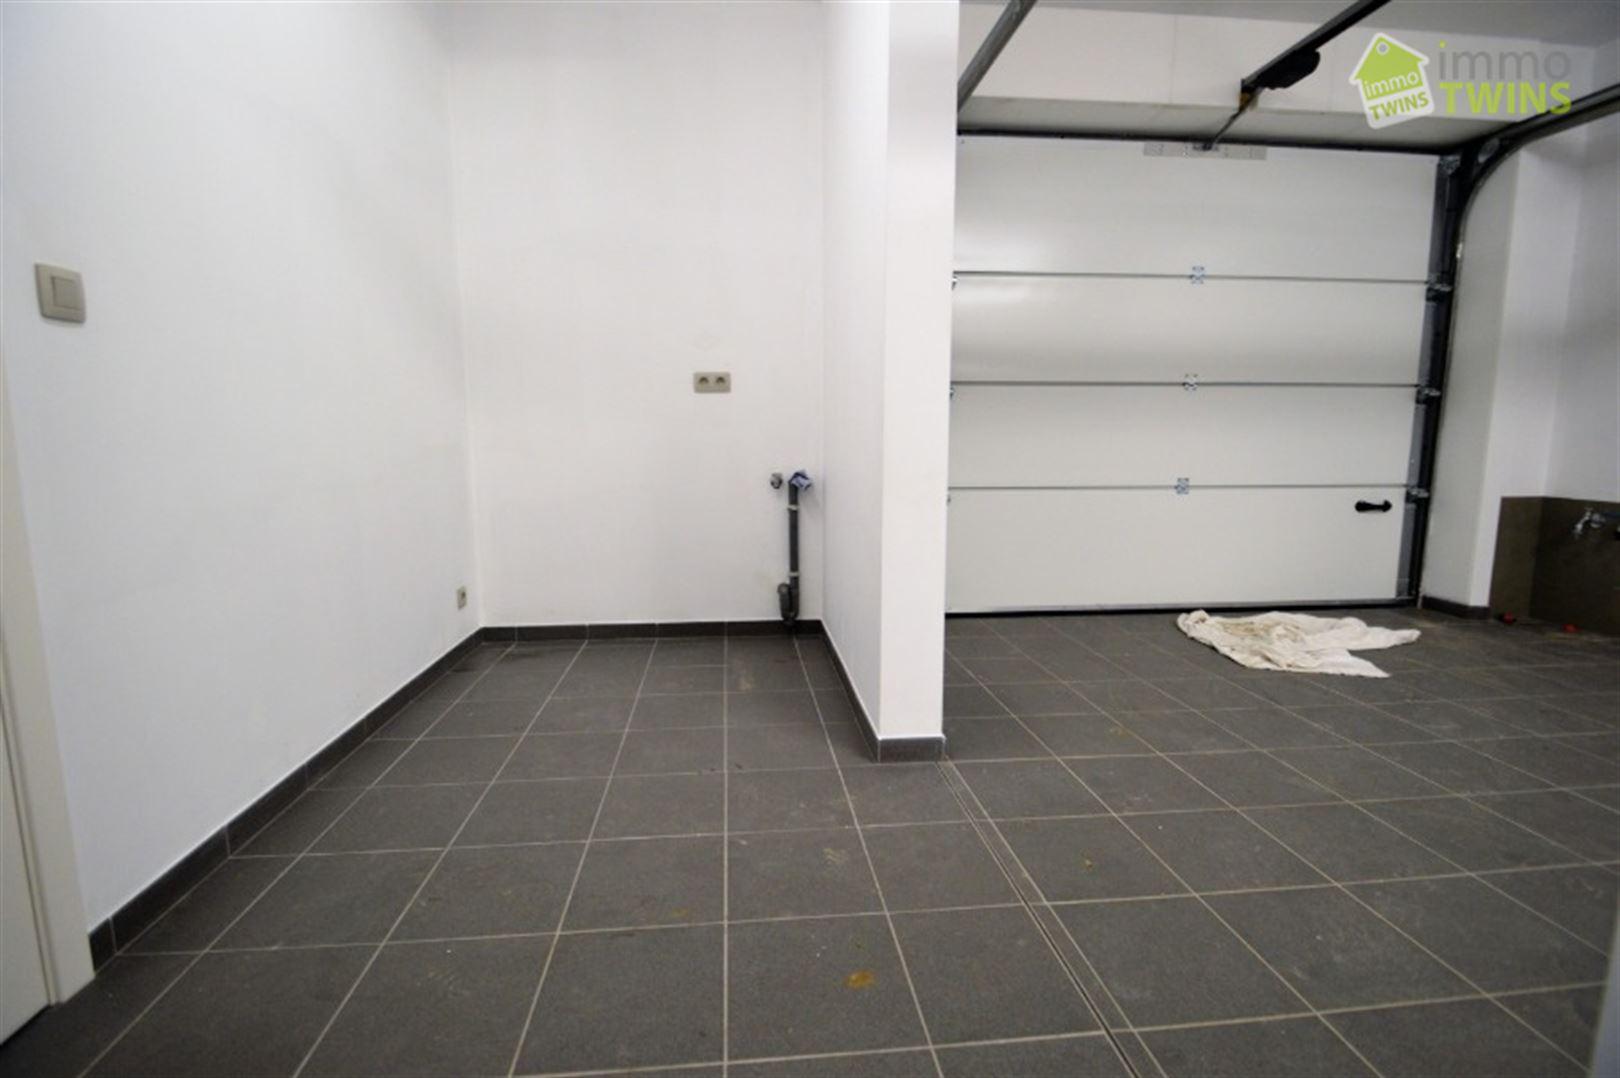 Foto 15 : Woning te 9200 Sint-Gillis-bij-Dendermonde (België) - Prijs € 999
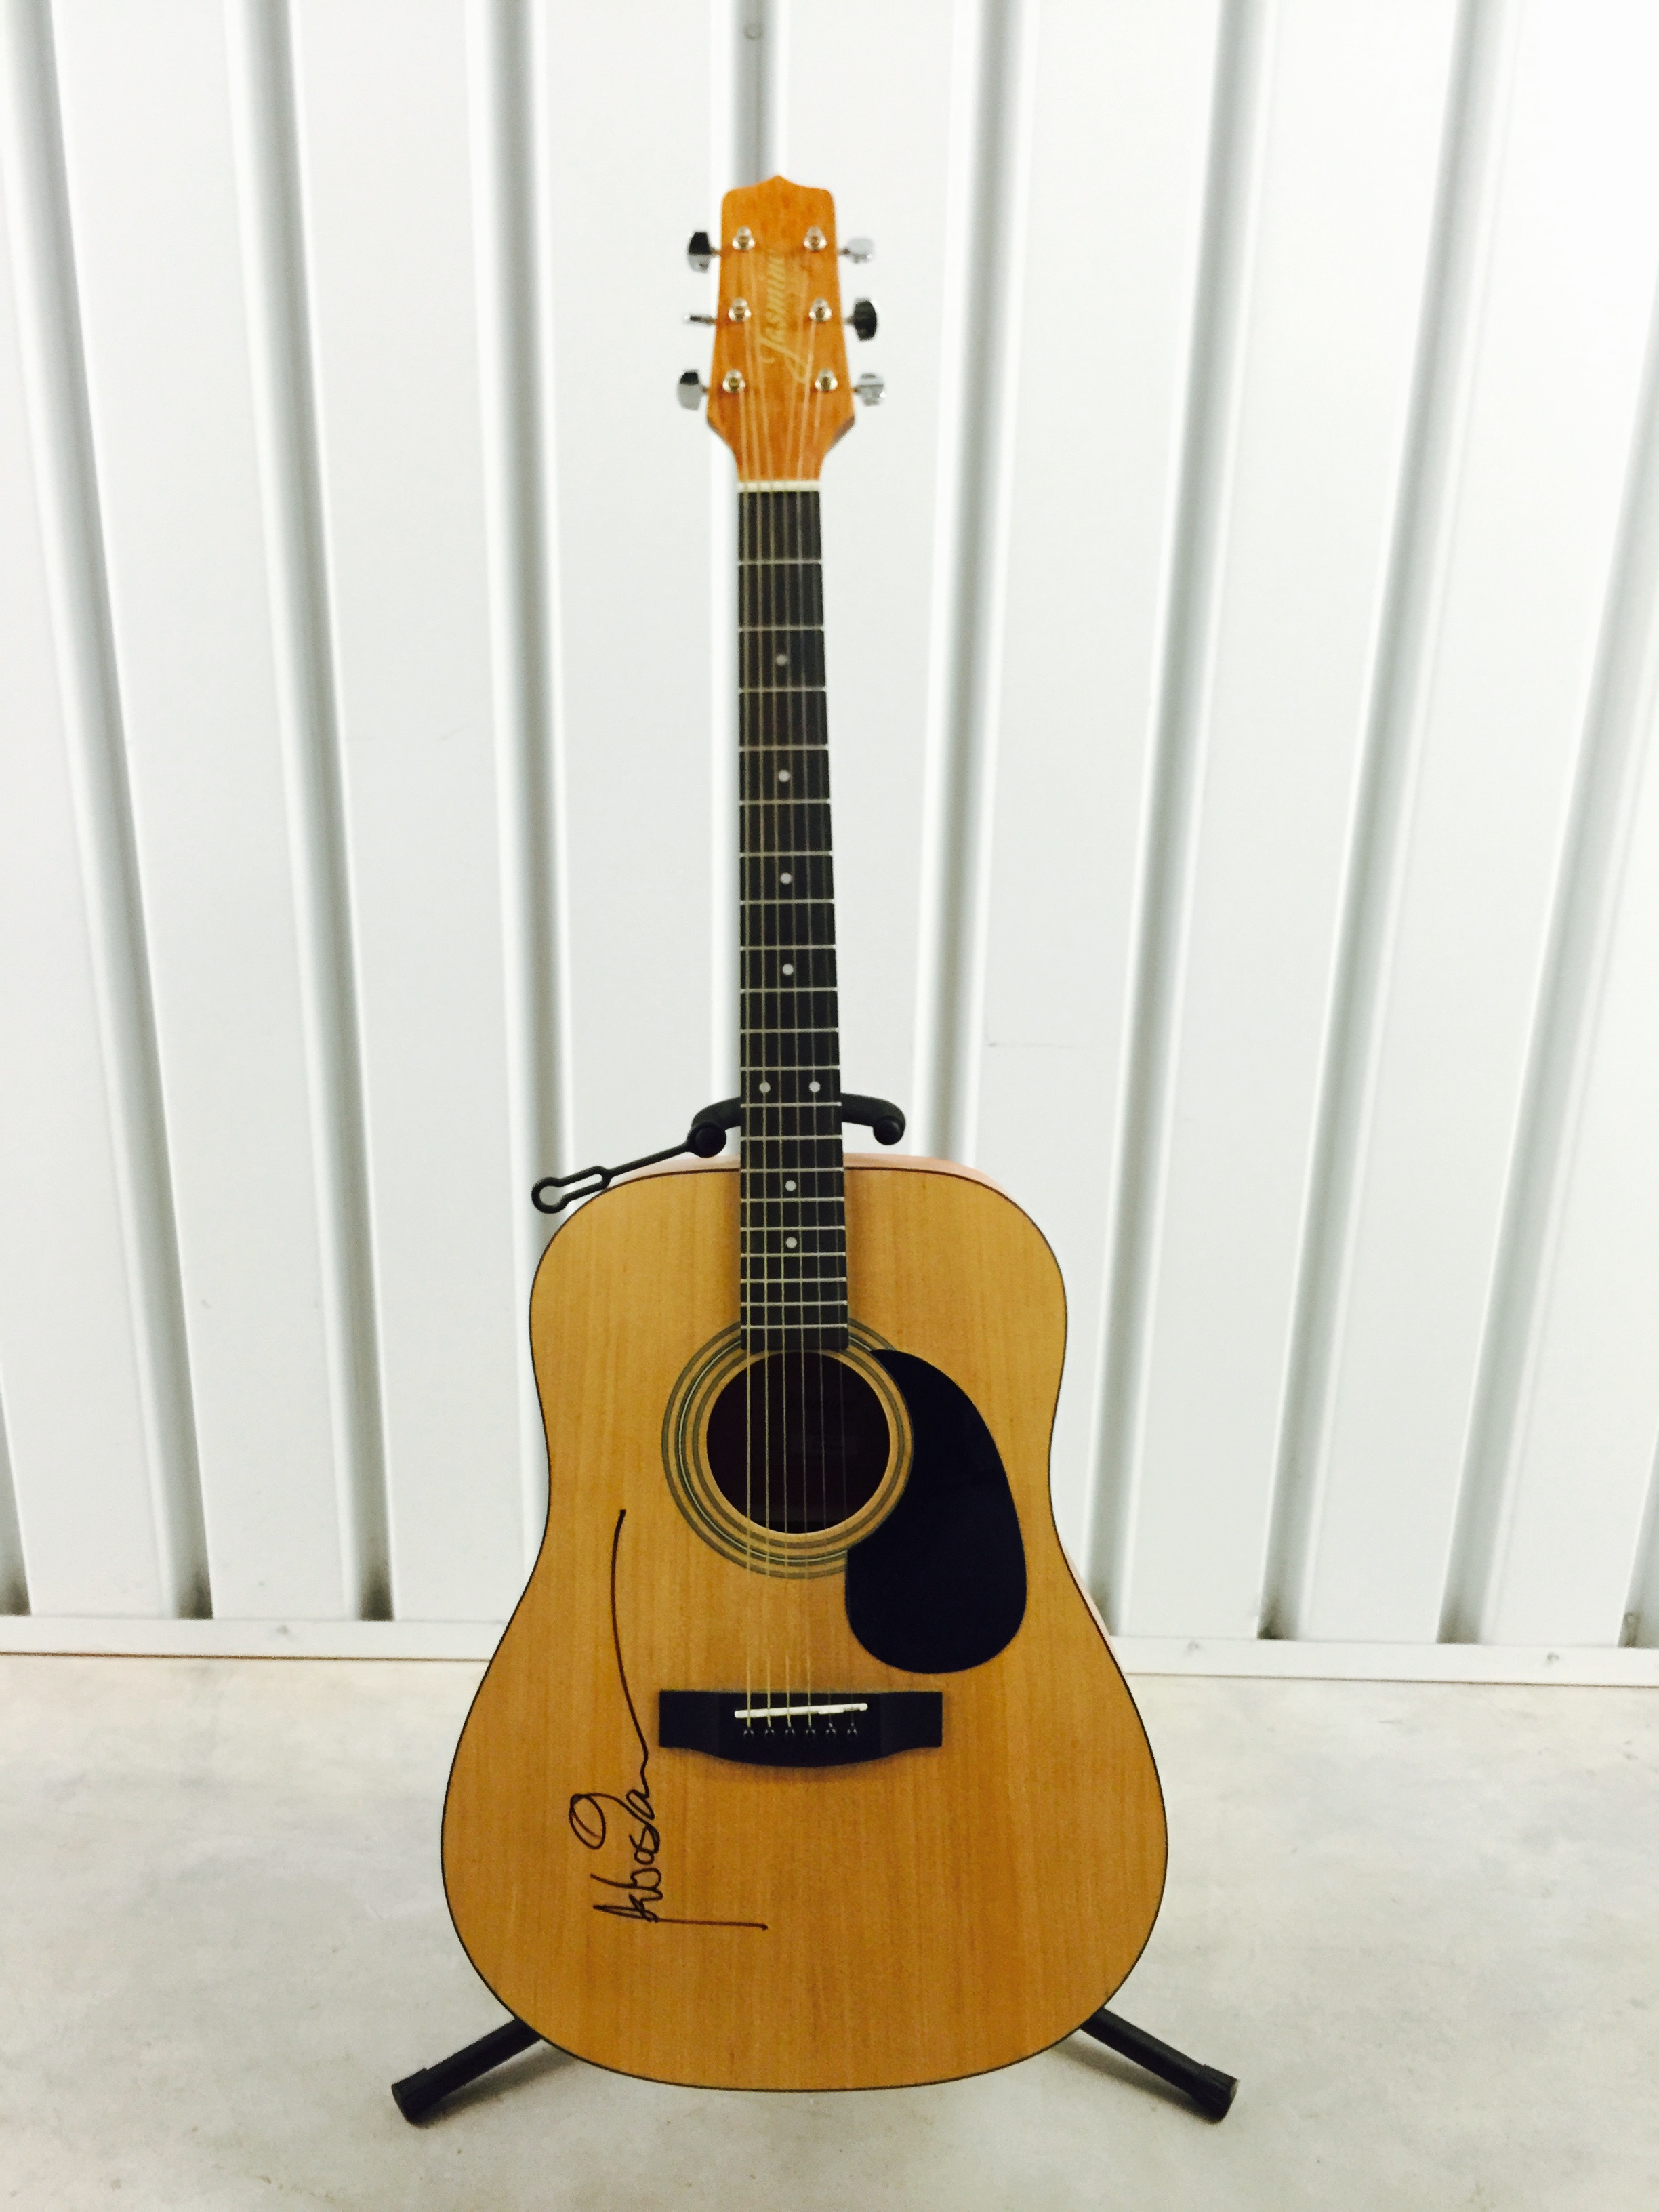 charitybuzz sebastian bach takamine jasmine autographed guitar lot 861103. Black Bedroom Furniture Sets. Home Design Ideas
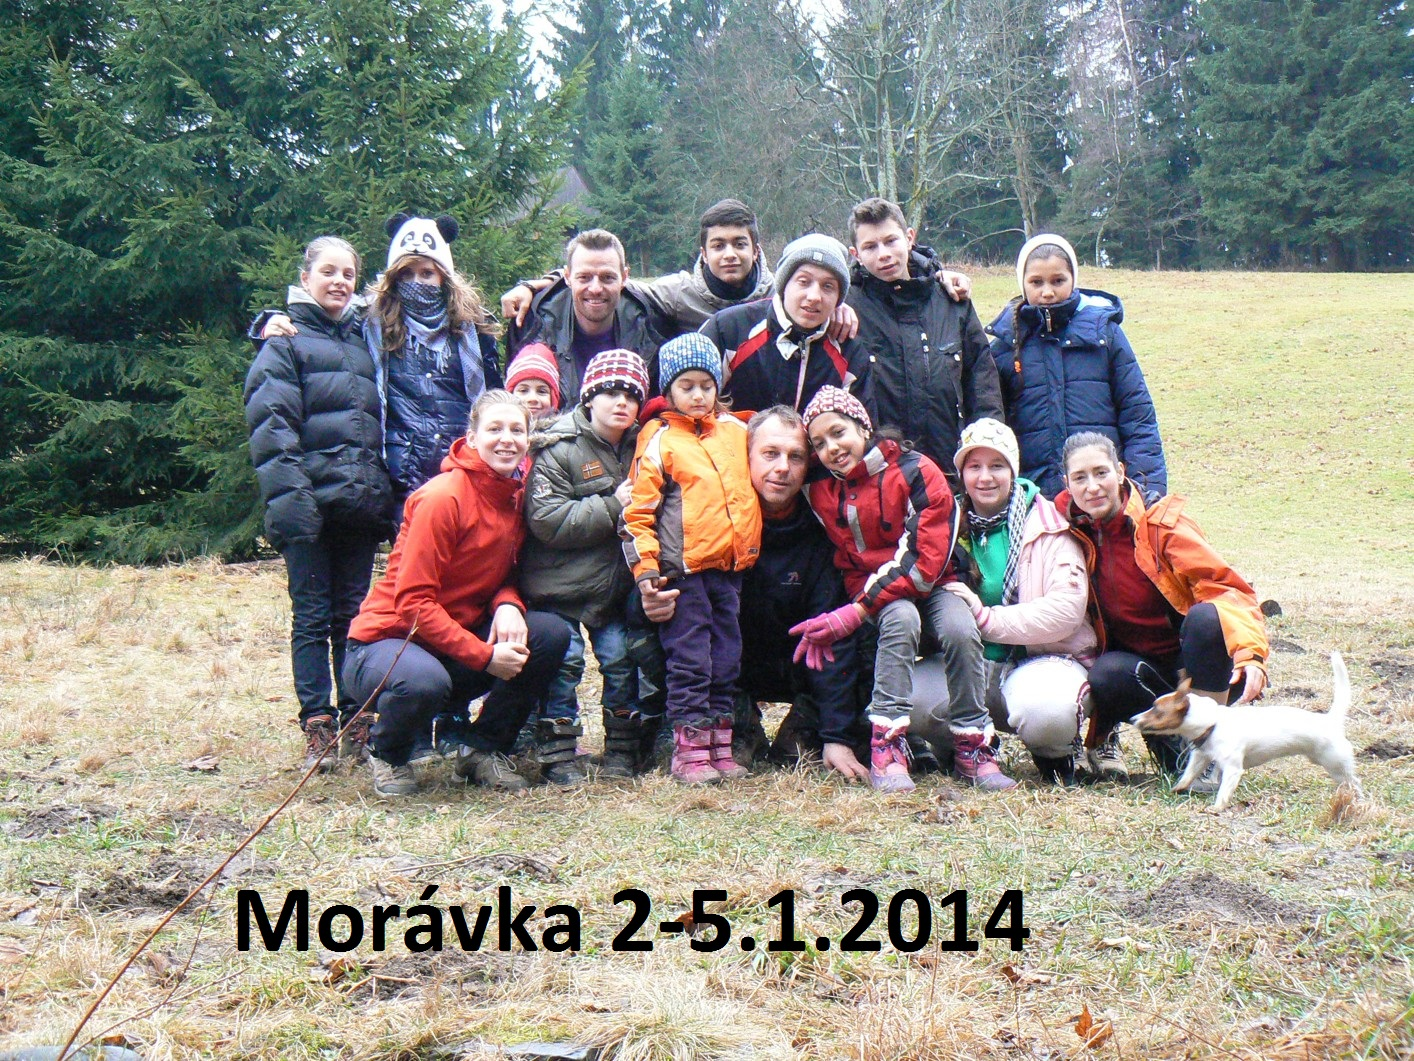 Moravka_2-5.1.2014

◆ **PROBLEM STATEMENT**:
Print the data word for word and omit the pictures.

◆ **RESULT**:
 Foto 15 : Woning te 9200 Sint-Gillis-bij-Dendermonde (België) - Prijs € 999
 charitybuzz sebastian bach takamine jasmine autographed guitar lot 861103. Black Bedroom Furniture Sets. Home Design Ideas
 Moravka_2-5.1.2014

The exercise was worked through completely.